**What you should do:** Please copy all of the data that follows exactly, leaving any pictures out.

**Data section:**
········
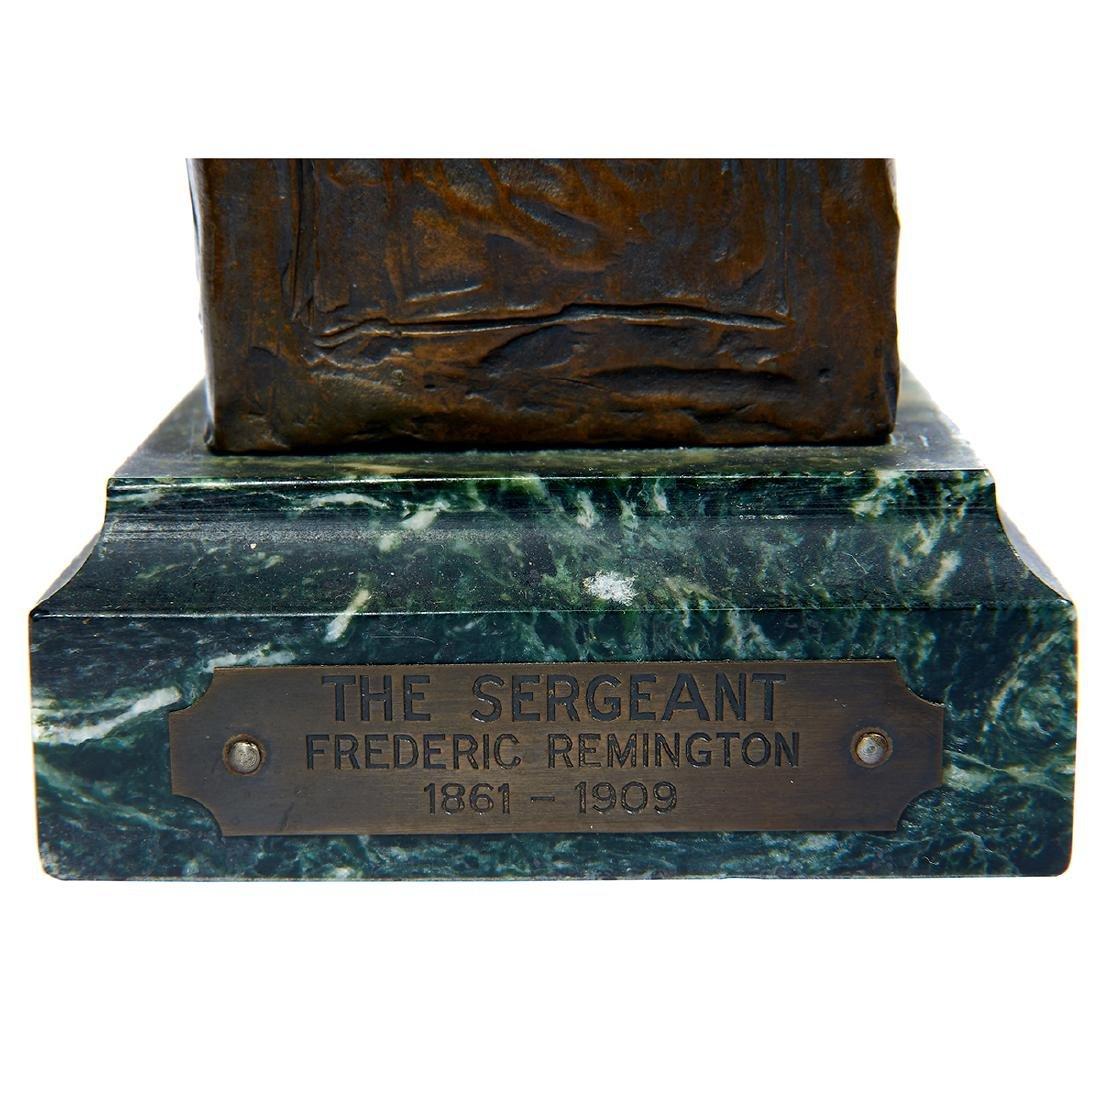 "after Frederick Remington, ""Sergeant"" Bronze Bust - 7"
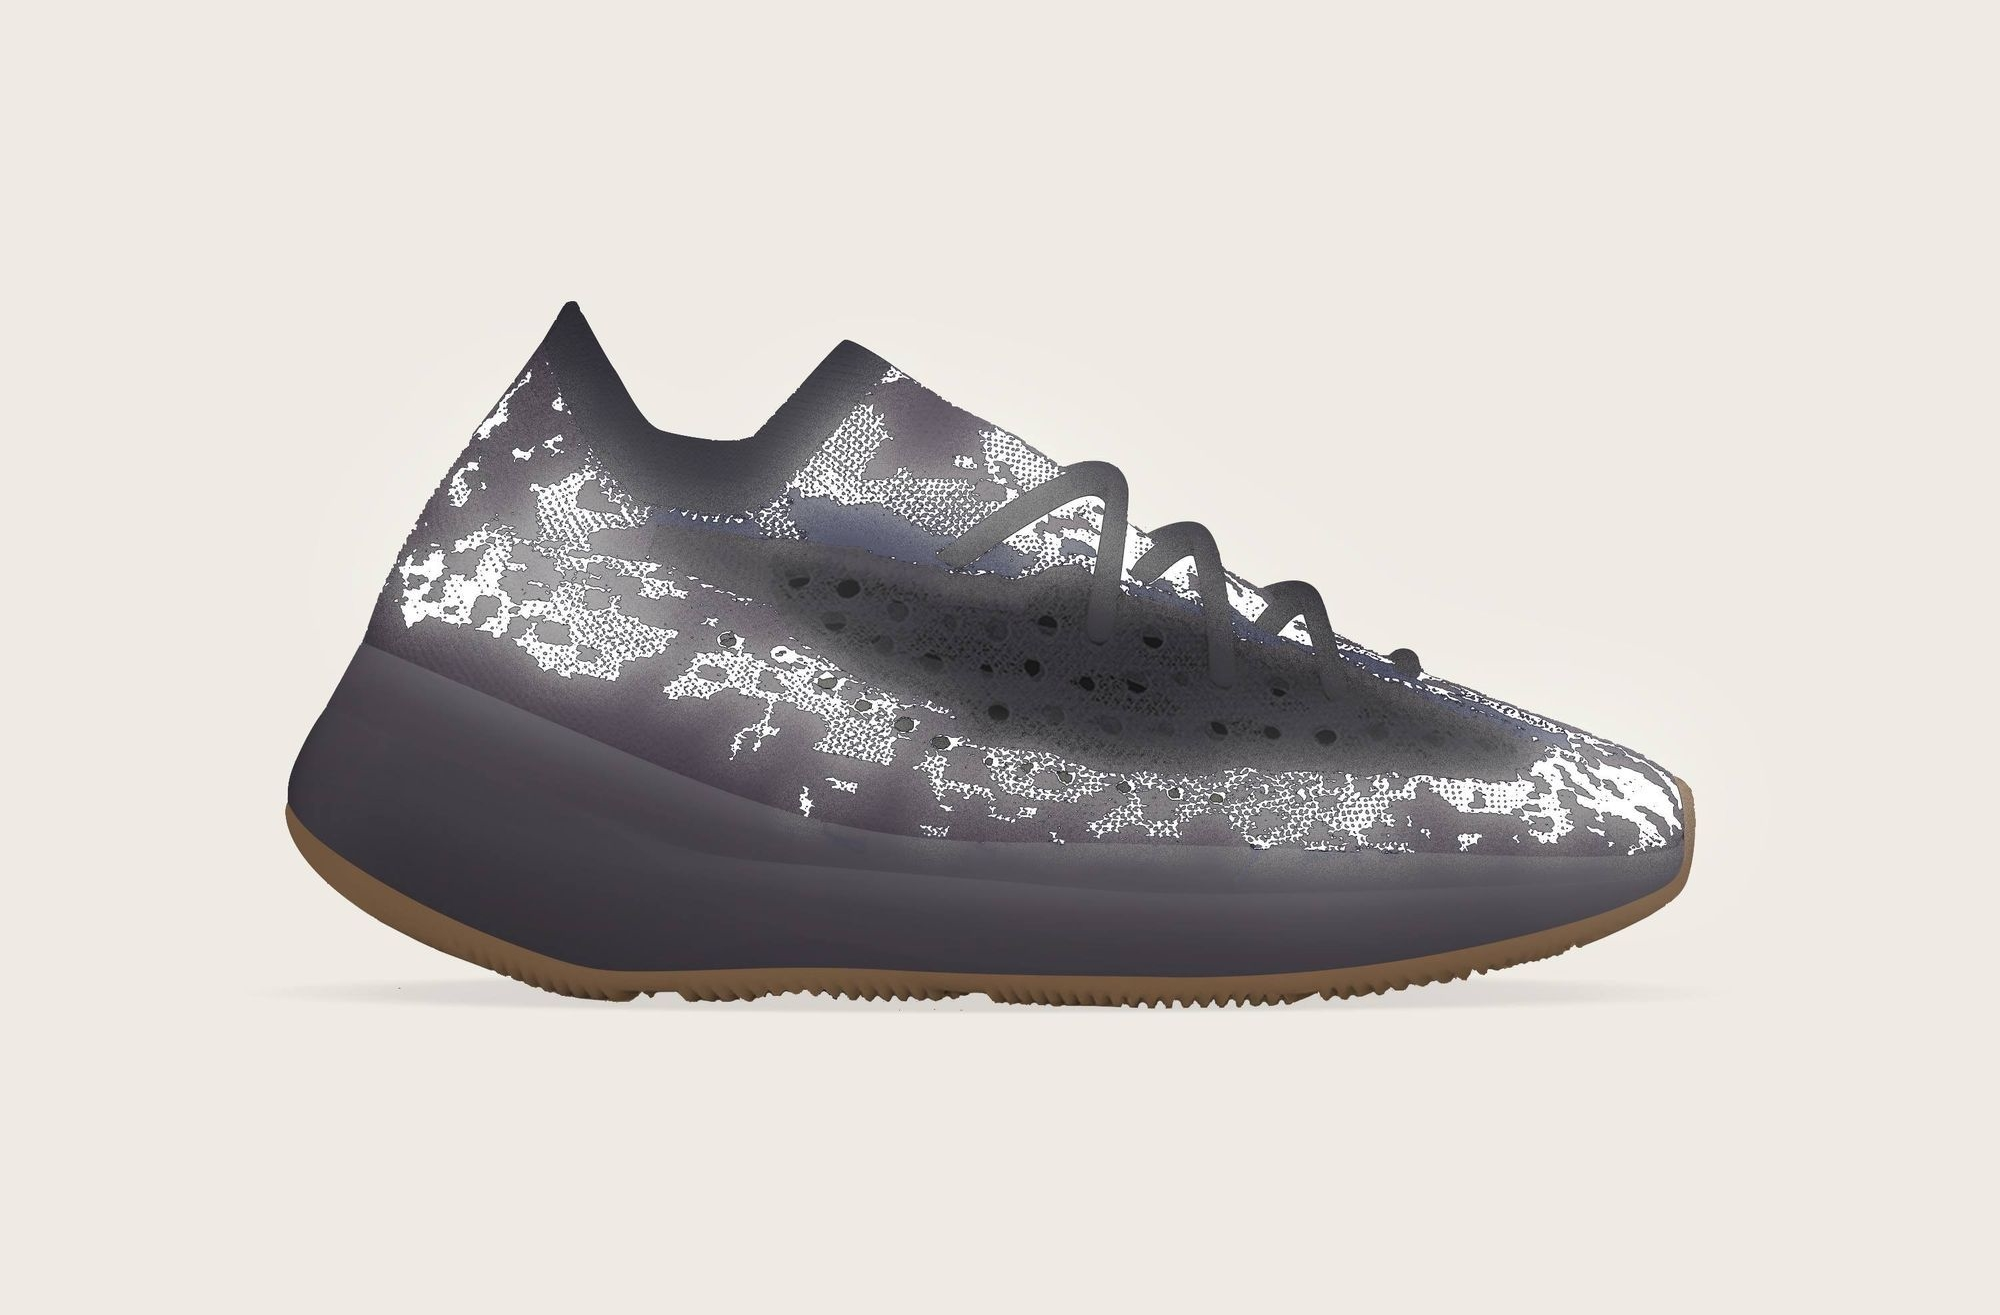 adidas Yeezy Boost 380 «Onyx»
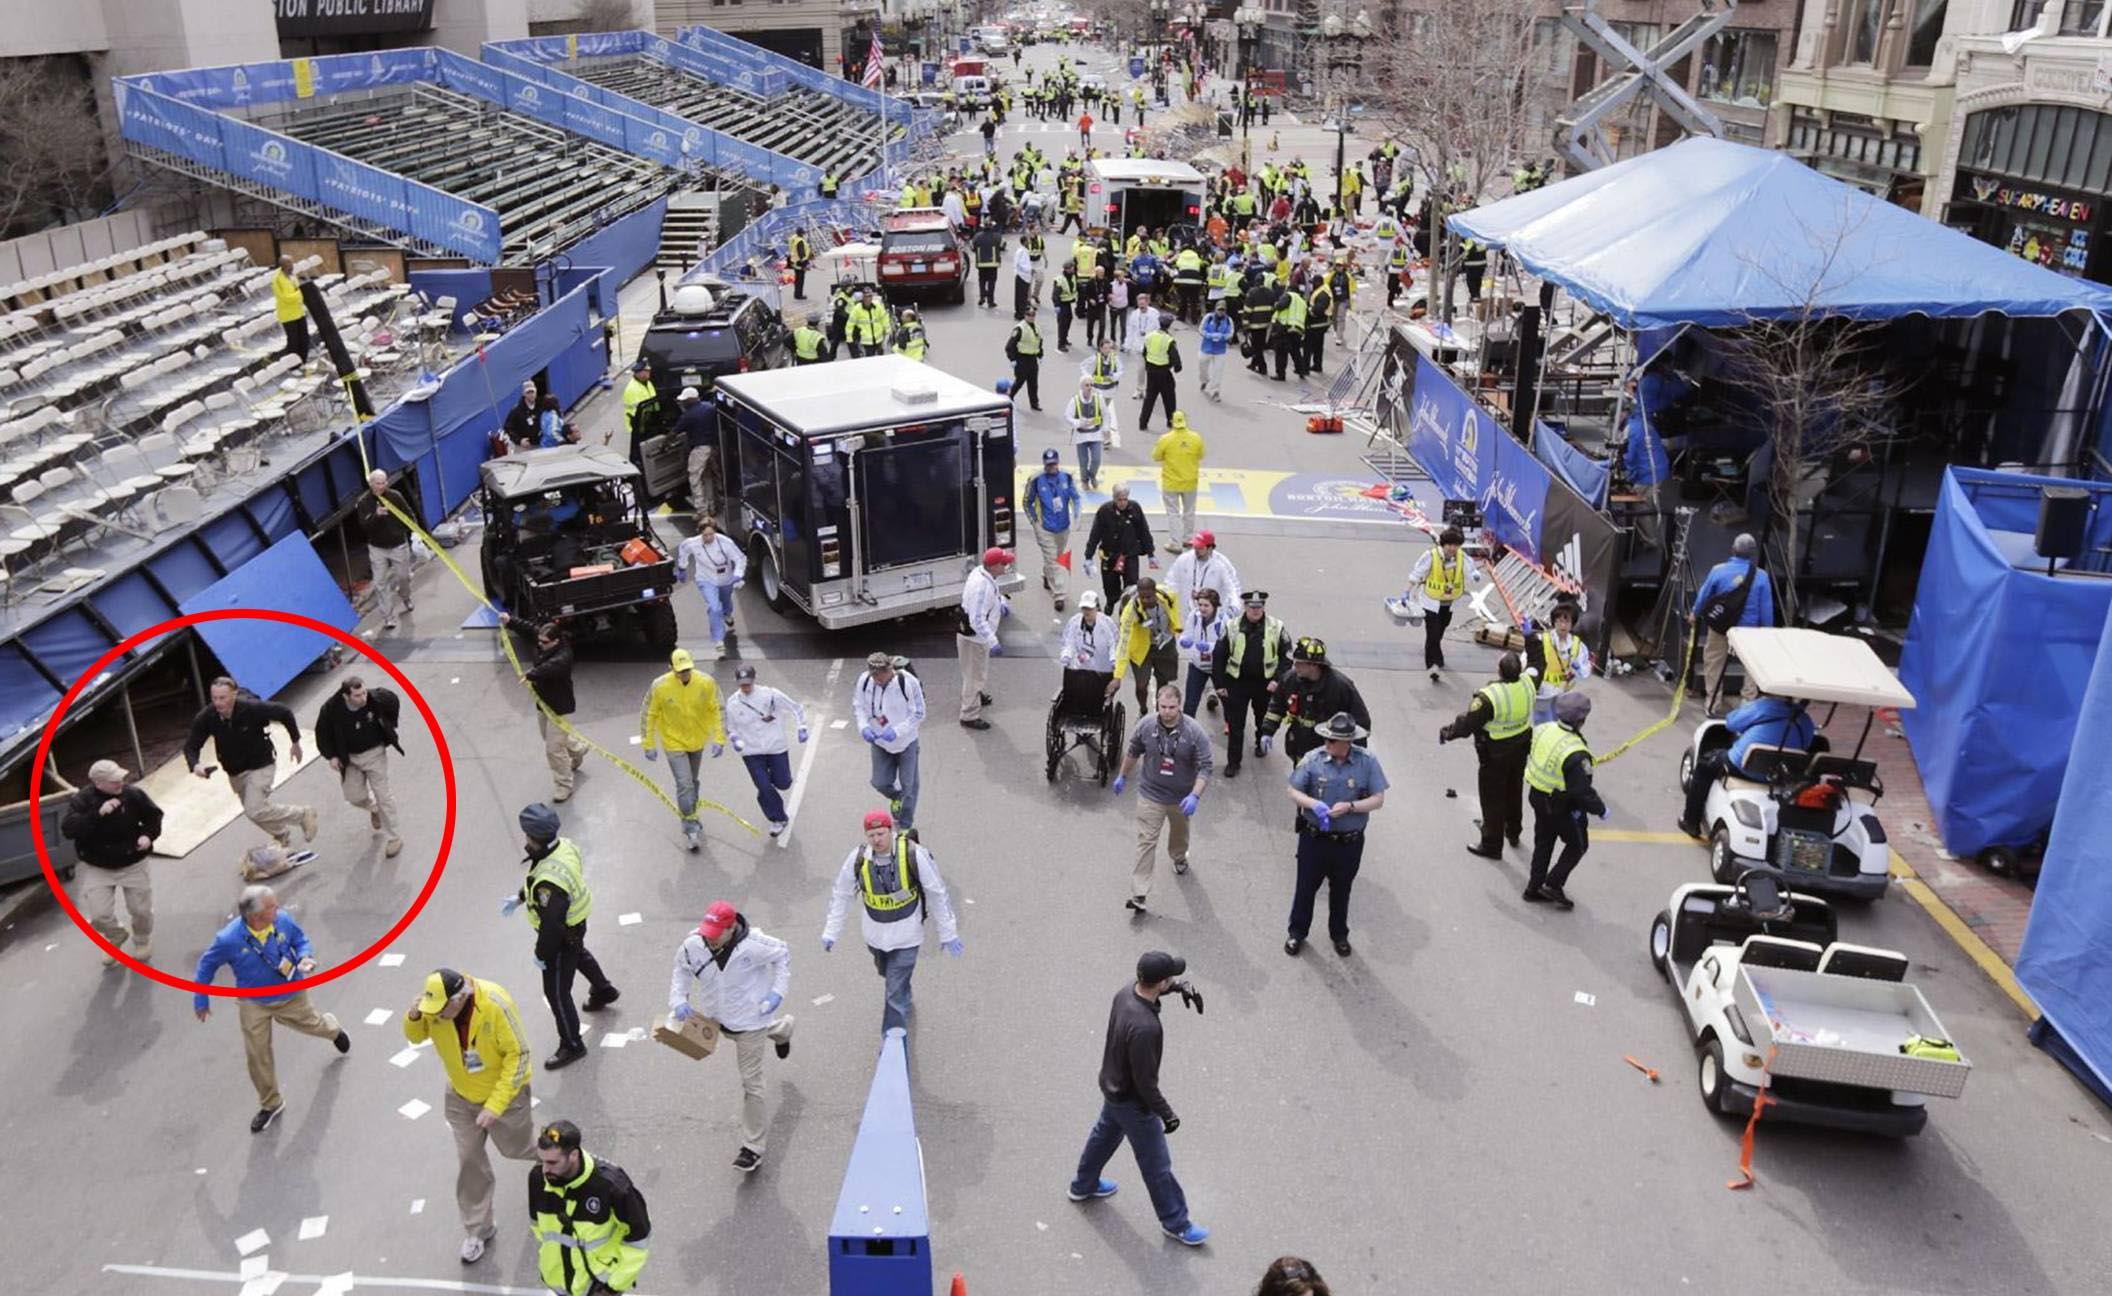 https://i1.wp.com/whatreallyhappened.com/IMAGES/BostonBomb/blackandtan.jpg
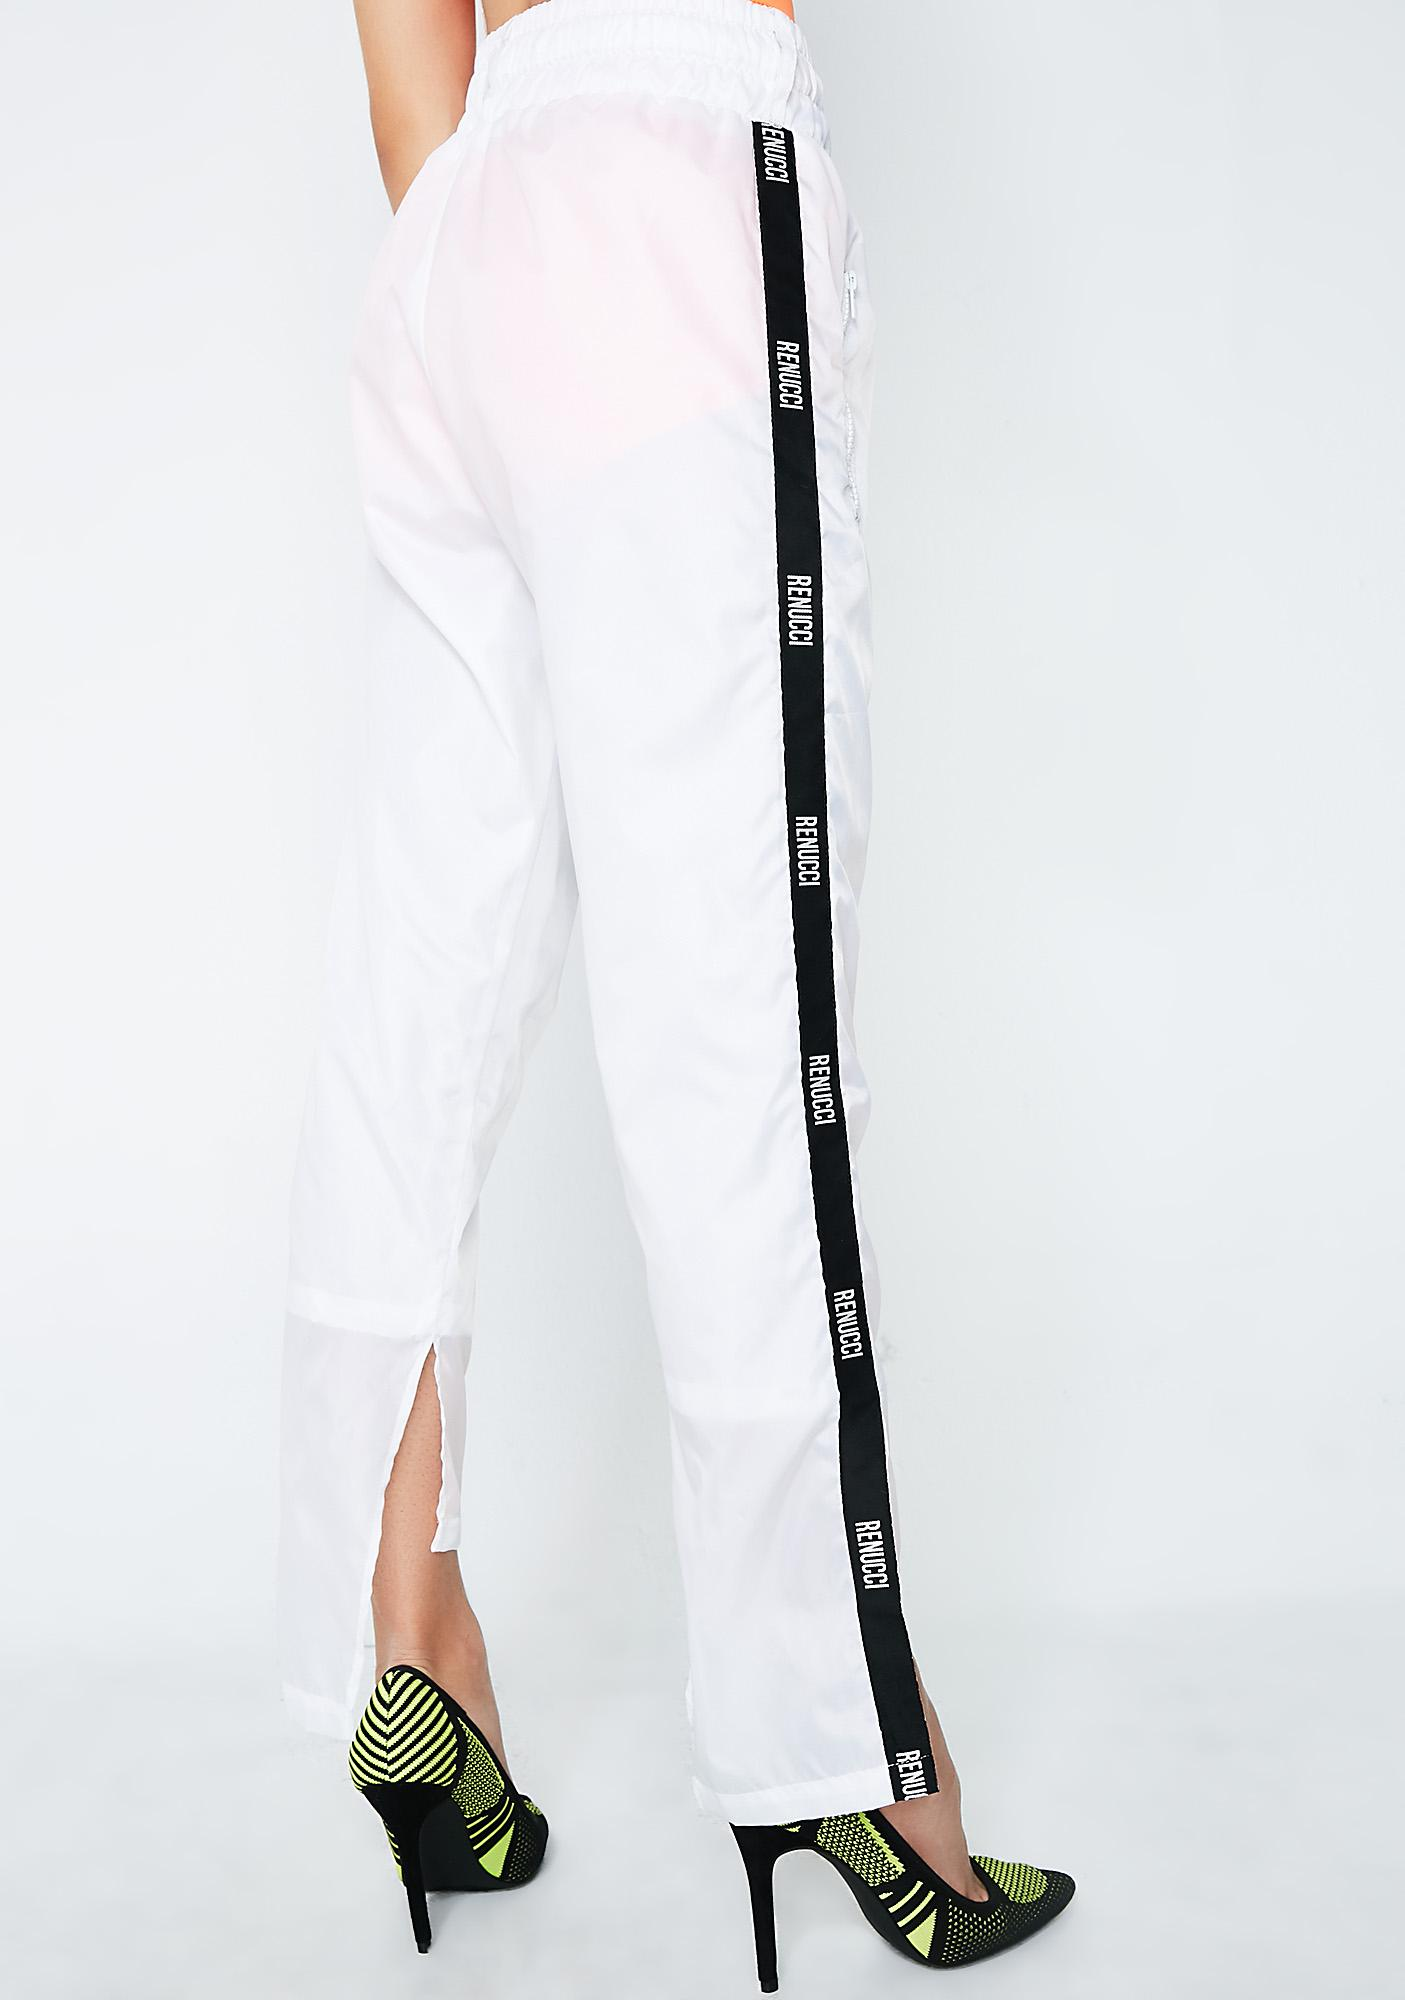 Demian Renucci Relaxed Fit Parachute Pants
········
**The answer:**
 "after Frederick Remington, ""Sergeant"" Bronze Bust - 7"
 adidas Yeezy Boost 380 «Onyx»
 https://i1.wp.com/whatreallyhappened.com/IMAGES/BostonBomb/blackandtan.jpg
 Demian Renucci Relaxed Fit Parachute Pants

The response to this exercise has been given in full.